Sources: provider documentation, model cards on Hugging Face, and the MTEB leaderboard.[16][17][21][22][23]

The trend across 2023 to 2026 is clear: models keep growing in context length (512 to 32,000+ tokens), are increasingly built on decoder-only [LLM](/wiki/large_language_model) backbones, and almost universally support Matryoshka dimension truncation. Open-source models on the MTEB leaderboard now match or exceed the best proprietary APIs on most retrieval tasks.[21]

### Multimodal embeddings

[CLIP](/wiki/clip) (Contrastive Language-Image Pre-training), released by OpenAI in February 2021 in *Learning transferable visual models from natural language supervision*, is the canonical multimodal embedding model.[24] CLIP trains a vision encoder (a [Vision Transformer](/wiki/vision_transformer) or ResNet) and a text encoder (a Transformer) jointly on 400 million image-caption pairs scraped from the web with a contrastive objective: each image embedding should be close to its caption's embedding and far from the embeddings of every other caption in the batch.

The result is a shared image-text embedding space in which a picture of a golden retriever and the string 'a photo of a golden retriever' produce embeddings with high cosine similarity. CLIP enables zero-shot image classification (rank images against a list of class-name prompts), text-to-image retrieval, and conditioning for [diffusion models](/wiki/diffusion_models) like [Stable Diffusion](/wiki/stable_diffusion) and [DALL-E 2](/wiki/dall_e).[24]

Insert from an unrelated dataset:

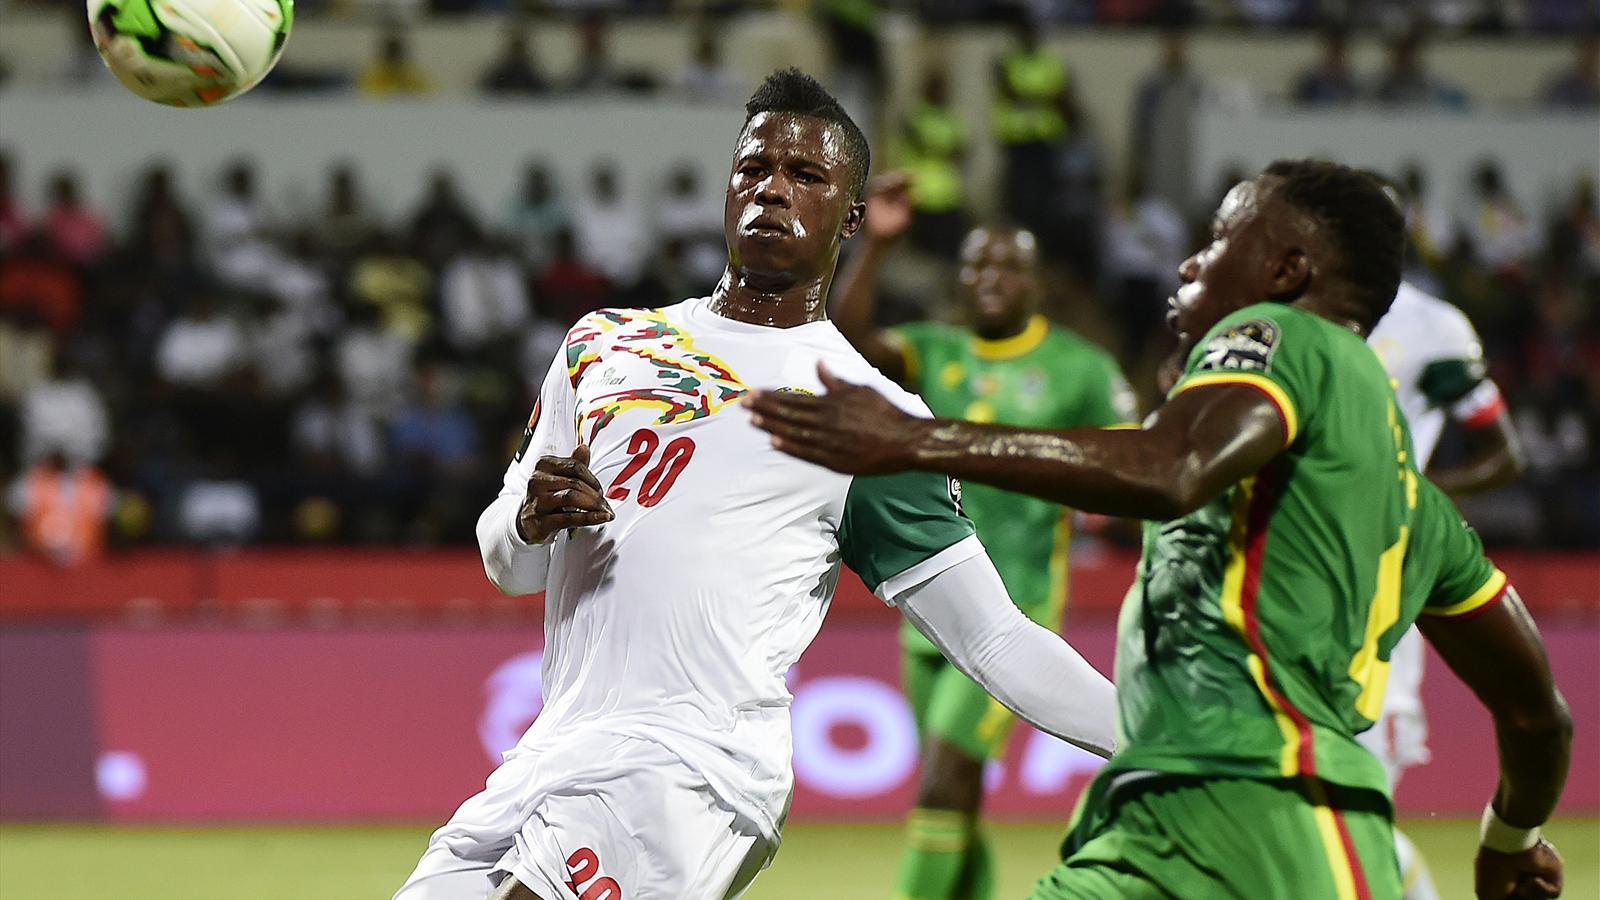 En direct live s n gal zimbabwe coupe d 39 afrique des nations 19 janvier 2017 eurosport - Resultat foot coupe d afrique ...

[ImageBind](/wiki/imagebind), released by Meta in May 2023, extended the CLIP idea to six modalities: images, text, audio, depth, thermal, and IMU motion data.[25] ImageBind uses image-paired data (image-text, image-audio, image-depth, etc.) and shows that pairwise alignment with images is sufficient to learn a shared embedding space across all six modalities, enabling cross-modal retrieval (e.g., finding images from audio queries) without ever training on direct audio-text pairs.

Other important multimodal embedding models include:

| Model | Modalities | Year | Notes |
| --- | --- | --- | --- |
| [CLIP](/wiki/clip) | Image + text | 2021 | OpenAI, 400M pairs, foundational |
| [SigLIP](/wiki/siglip) | Image + text | 2023 | Google, sigmoid loss replaces softmax, more compute-efficient |
| [BLIP-2](/wiki/blip2) | Image + text | 2023 | Bridges frozen vision encoder with LLM via Q-Former |
| OpenCLIP | Image + text | 2022 | LAION reproduction of CLIP, open weights |
| [DINOv2](/wiki/dinov2) | Image | 2023 | Meta, self-supervised vision-only embeddings |
| [ImageBind](/wiki/imagebind) | 6 modalities | 2023 | Meta, image-anchored joint space |
| LanguageBind | 6 modalities | 2023 | PKU, language-anchored alternative to ImageBind |
| Voyage-multimodal-3 | Image + text | 2024 | Production API, mixed image-text documents |
| ColBERT-vision (ColPali) | Image + text | 2024 | Late-interaction multimodal retrieval for documents |

## How are embedding models benchmarked? MTEB and beyond

The [Massive Text Embedding Benchmark](/wiki/mteb) (MTEB), introduced by Niklas Muennighoff, Nouamane Tazi, Loic Magne, and Nils Reimers at EACL 2023, is the standard evaluation suite for English text embedding models.[21] MTEB covers 56 datasets across 8 task categories: bitext mining, classification, clustering, pair classification, reranking, retrieval, semantic textual similarity (STS), and summarization. A central finding of the paper is that breadth matters: the authors report that 'no particular text embedding method dominates across all tasks,' which is why practitioners are advised to benchmark candidate models on their own data rather than trusting a single leaderboard rank.[21]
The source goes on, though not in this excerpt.